To get back on track, you probably want something out of reading this.

Definitions

These definitions and terms might below might sound technical, but understanding them clearly will help you navigate the steps below more effectively

(This definition list is AI generated if you’re wondering after I’ve written the article, work smart…):

• Azure App Service: A fully managed platform for building, deploying, and scaling web apps.
• Disaster Recovery (DR): The process of maintaining business continuity and recovering system functionality during and after a catastrophic event.
• Platform-level DR: Automated Disaster Recovery features built into the Azure platform that previously handled failover automatically.
• Failover: The process of switching to a redundant or standby system when the primary system fails.
• Multi-region Strategy: Deploying applications across multiple geographic regions to ensure continuity if one region fails.
• Locally Redundant Storage (LRS): Data storage that maintains multiple copies within a single region.
• Geo-Redundant Storage (GRS): Storage that replicates data to a secondary region for enhanced disaster protection.
• Read-Access Geo-Redundant Storage (RA-GRS): GRS with the added ability to read from the secondary region.
• Azure Traffic Manager: A DNS-based traffic load balancer that can route users to different regional deployments.
• Azure Front Door: A cloud CDN service that provides global load balancing and site acceleration.

Personal note: I wish I had some failovers in my life sometimes, any tips?

Now onto the useful stuff

I want to take you through the process I had to use to check many Azure accounts.
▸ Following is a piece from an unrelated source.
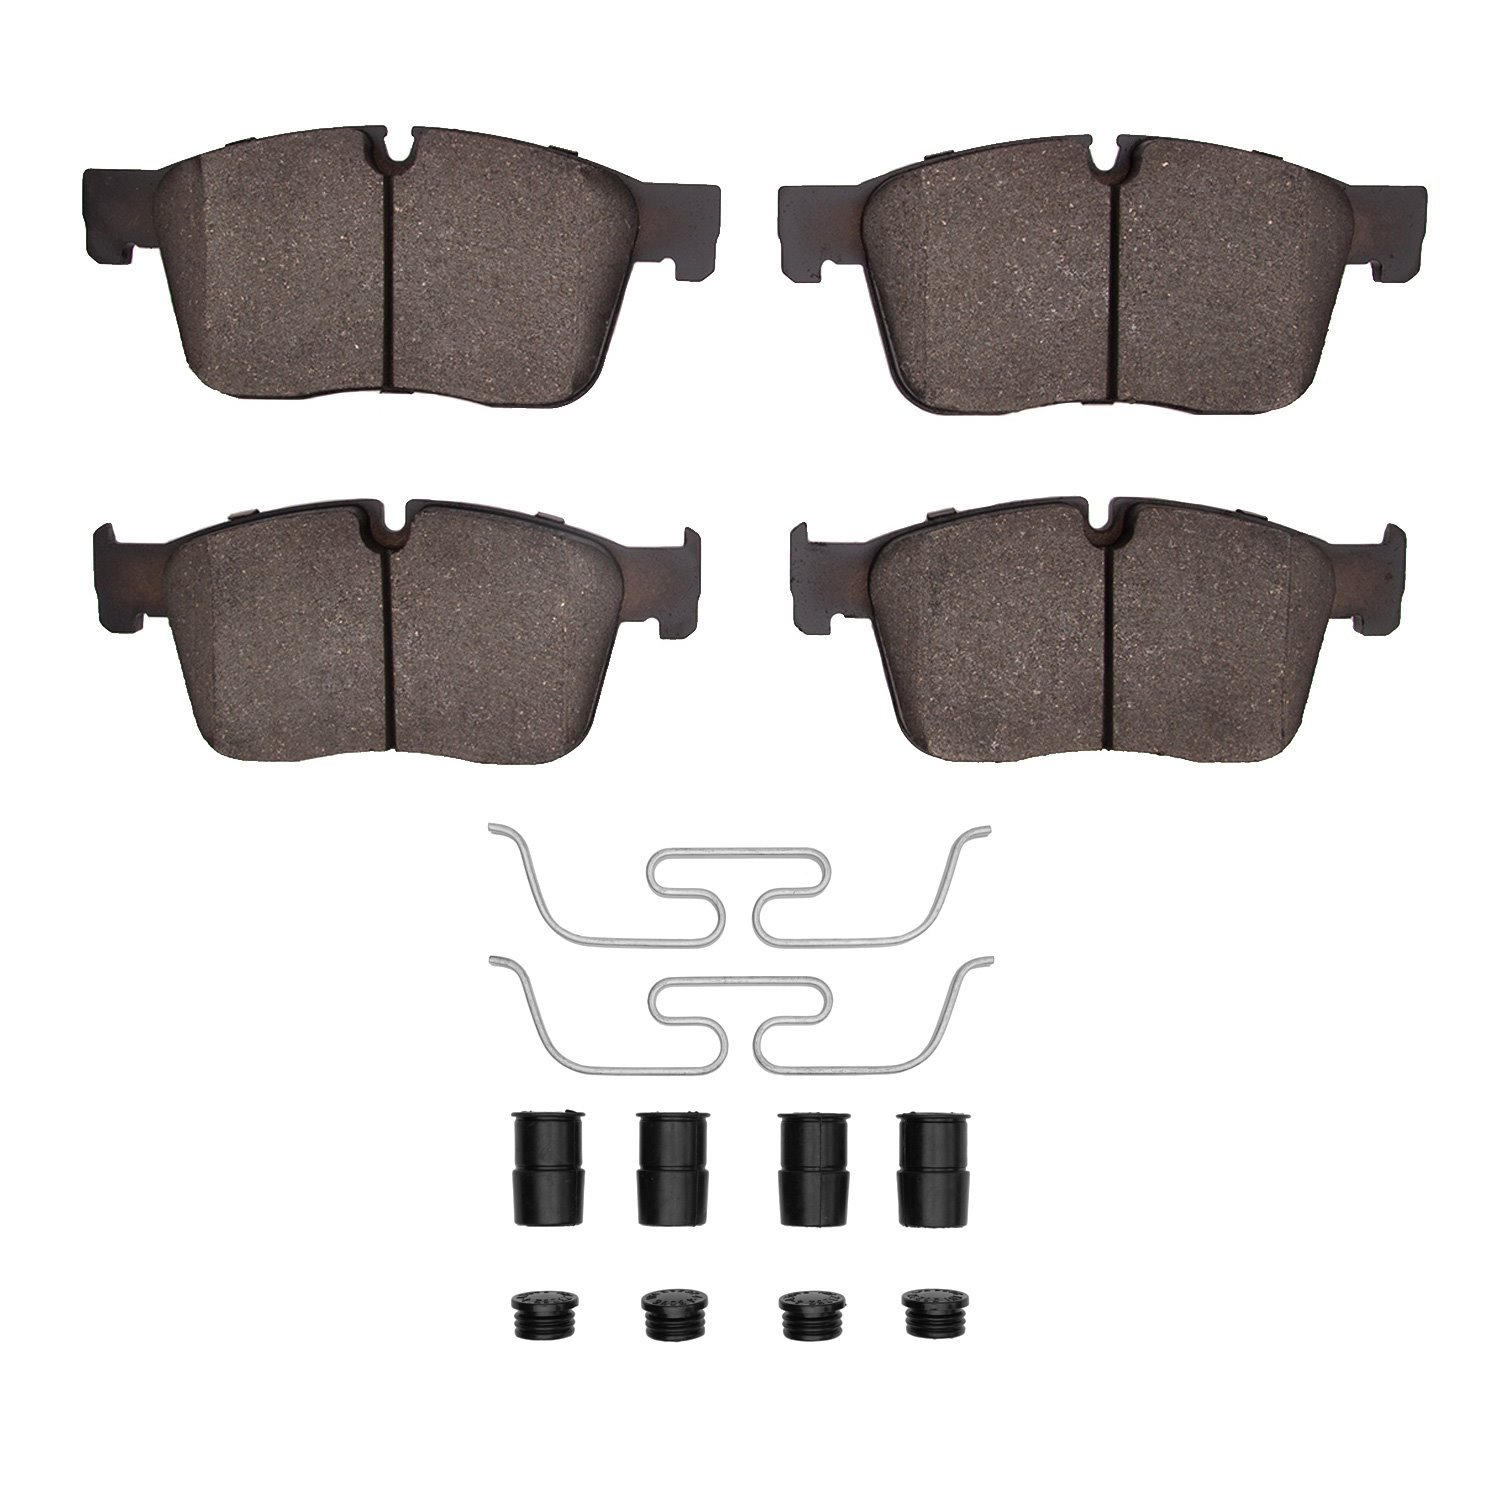 1551-1861-01 5000 Advanced Ceramic Brake Pads & Hardware Kit, Fits Select Multiple Makes/Models, Position: Front
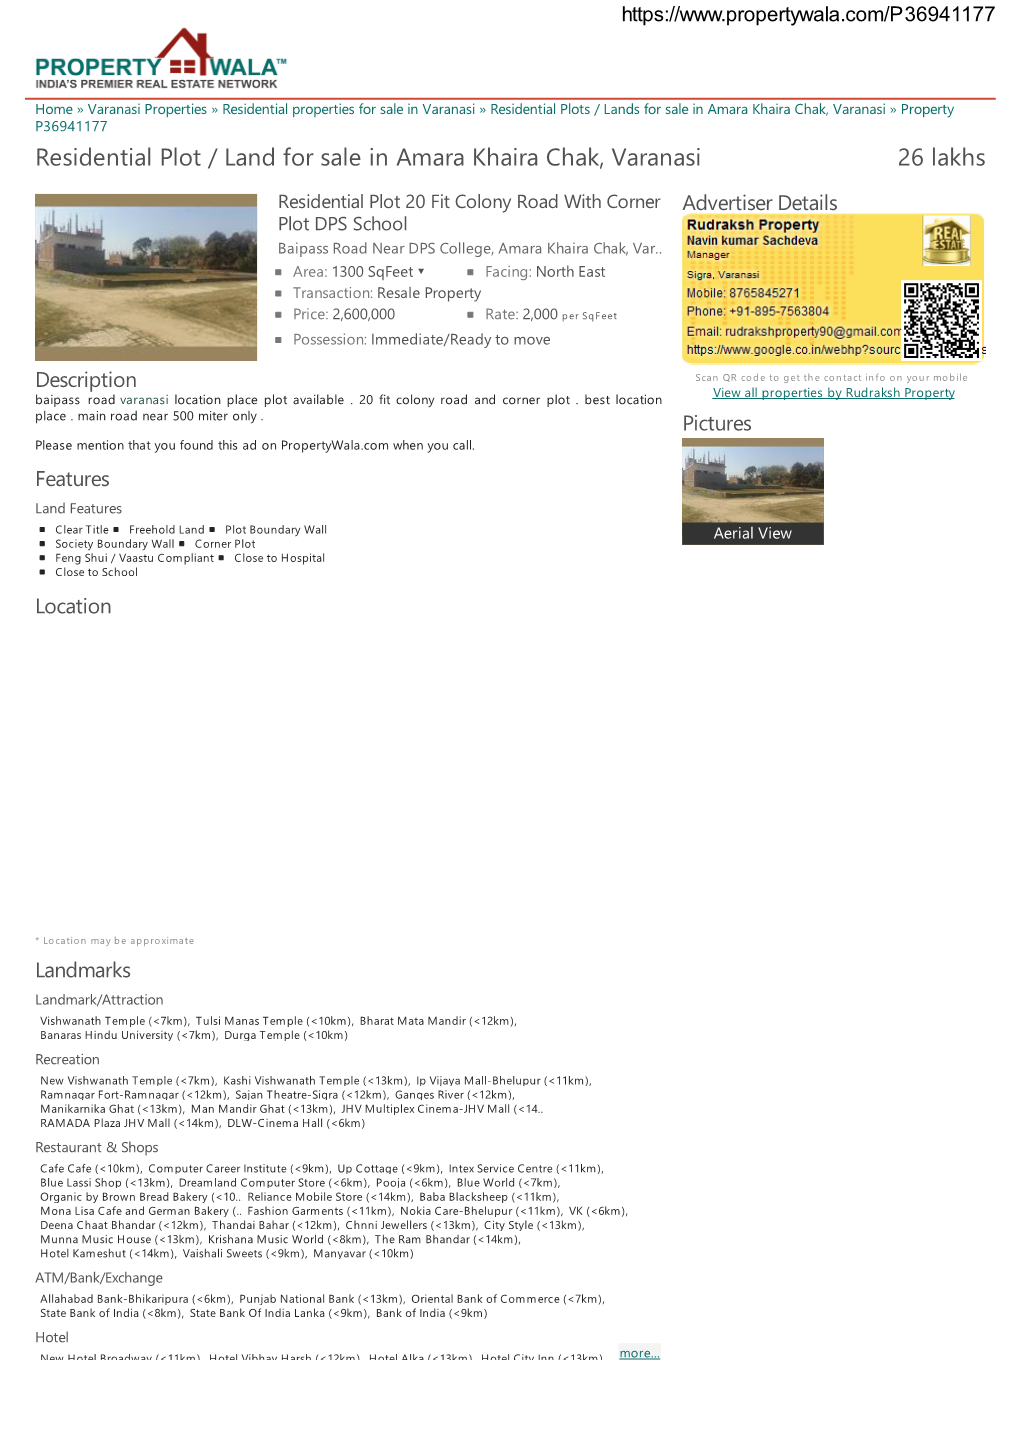 Residential Plot / Land for Sale in Amara Khaira Chak, Varanasi (P36941177)

So hopefully you can avoid anything nasty in future in the rare chance a region has an outage and also improve your Azure Disaster Recovery best practices.

This is what you’ll have to read to make sure you are ready:

1. What the retirement of platform-level DR mean for Azure App Service
2. How to check if your existing backups are set up correctly
3. What your options are for ensuring business continuity

Understanding Microsoft’s DR Retirement

Why is this happening?

Microsoft does lots of things in the background of their vast Azure offering. The more convenient, high level it is to you, it’s going to have managed service layers below. For a very long time that I know of, Azure App Service took automatic steps to restore or relocate your web apps (failover) if a regional disaster happened.

With this new change, you are now fully responsible for your or your client’s failover. So, if you haven’t already set up backups in a certain way, you will lose applications and data if Microsoft can’t recover it.

Are you affected?

Yes, you probably are if you’ve clicked on this article or maybe just a curious soul wanting to know things. If you have any web app on the Azure App Service, deployed in a single region (e.g. UK South), then it is at some type of risk.

I’ll try to help you to determine this risk but at the end of the day, it’s your applications, you need to keep them available even when Microsoft drops this on you.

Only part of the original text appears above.